In actuality, it turns out that neither is the case. The patent in question actually refers to a vaporizer device used in the fabrication of semiconductors. For example, vaporizers are often key in the etching process — which uses chemicals compounds to remove layers from the surface of a substrate during semiconductor fabrication. In another case, vaporizers are used to deposit thin layers of a substance to a wafer in a process known as chemical vapor deposition.

Case in point, there are several other patents floating around the web that describe similar vaporizer devices for the substrate processing phase of semiconductor fabrication. Semiconductor manufacturing is, obviously, a complicated field — but more information on vaporizers / sublimators used in making semiconductors can easily be found online.

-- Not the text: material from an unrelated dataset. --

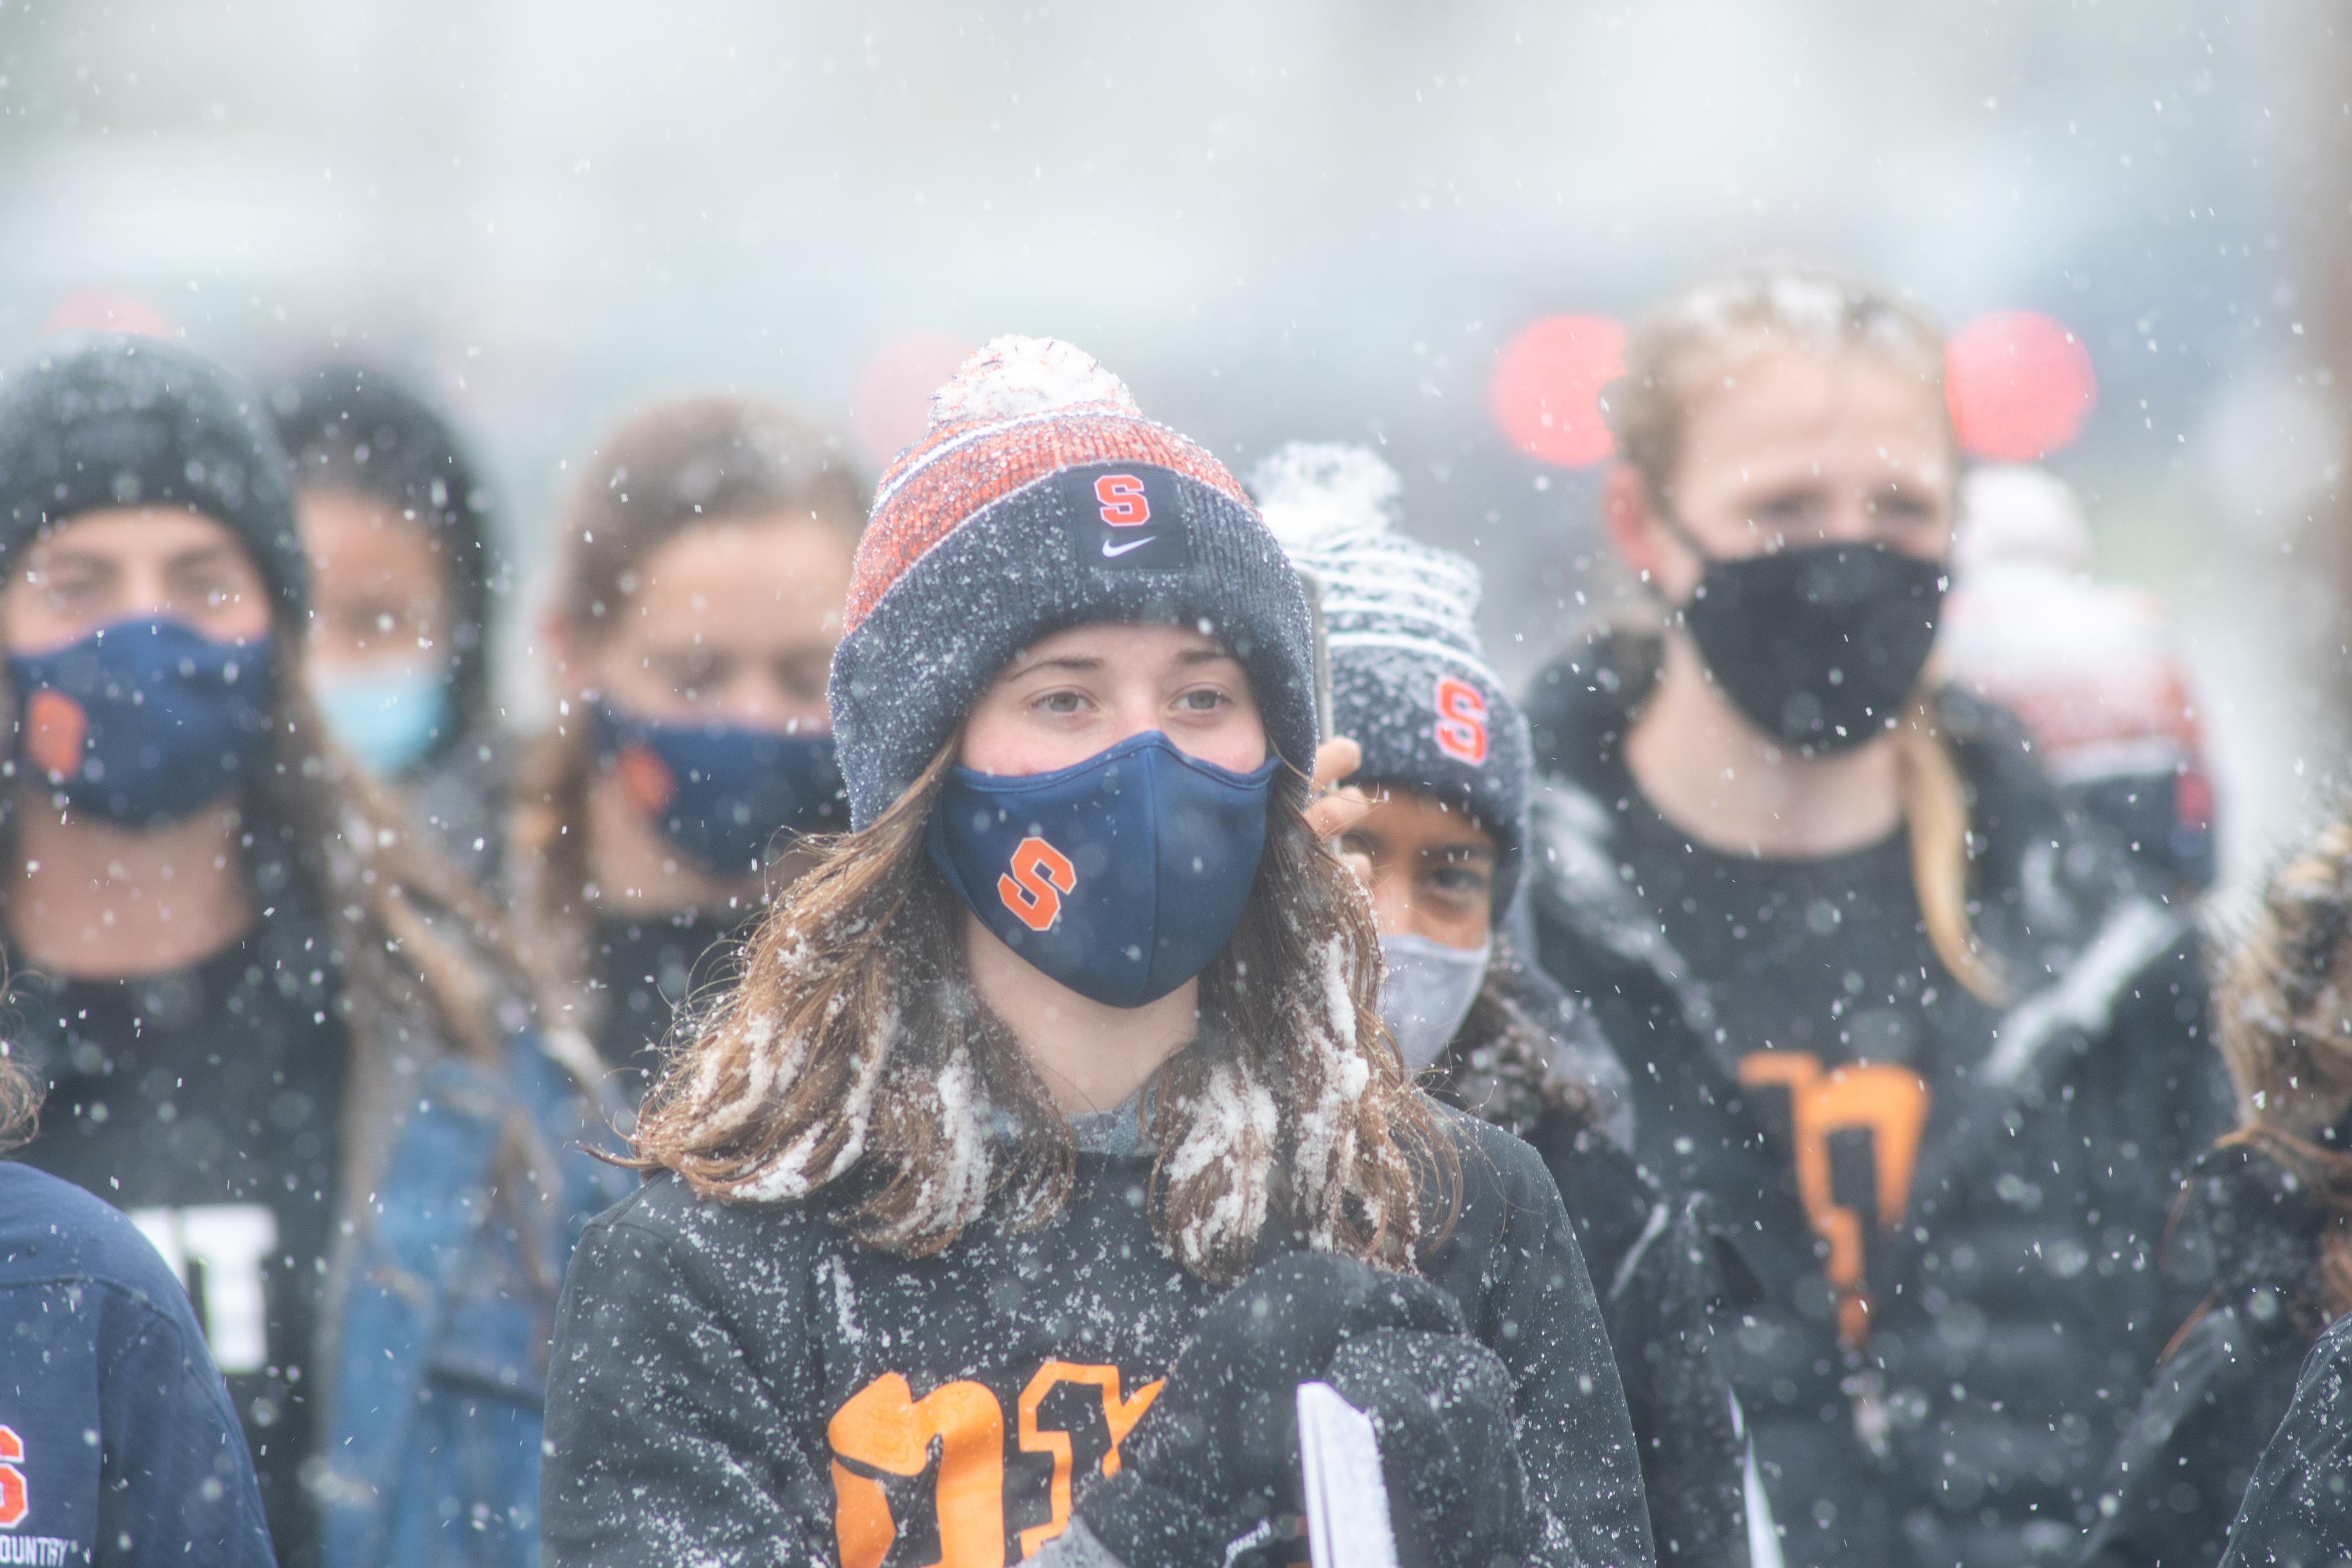 Syracuse Black Athlete Lives Matter March

As further proof, the patent’s inventor is named as Tetsuya Ishikawa, a senior Apple manager and nanotechnology specialist. Some of the other patents credited to him also focus on semiconductor fabrication, MacRumors reported. Additionally, Ishikawa’s LinkedIn profile lists photolithography — another process used in the fabrication of semiconductors — as one of his skills.

So, yes. While it’s true that a former Apple employee did go on to create his own recreational vaporizer company, it’s highly unlikely that Apple would follow its employees footsteps and enter that market itself. At the very least, that’s not the case here.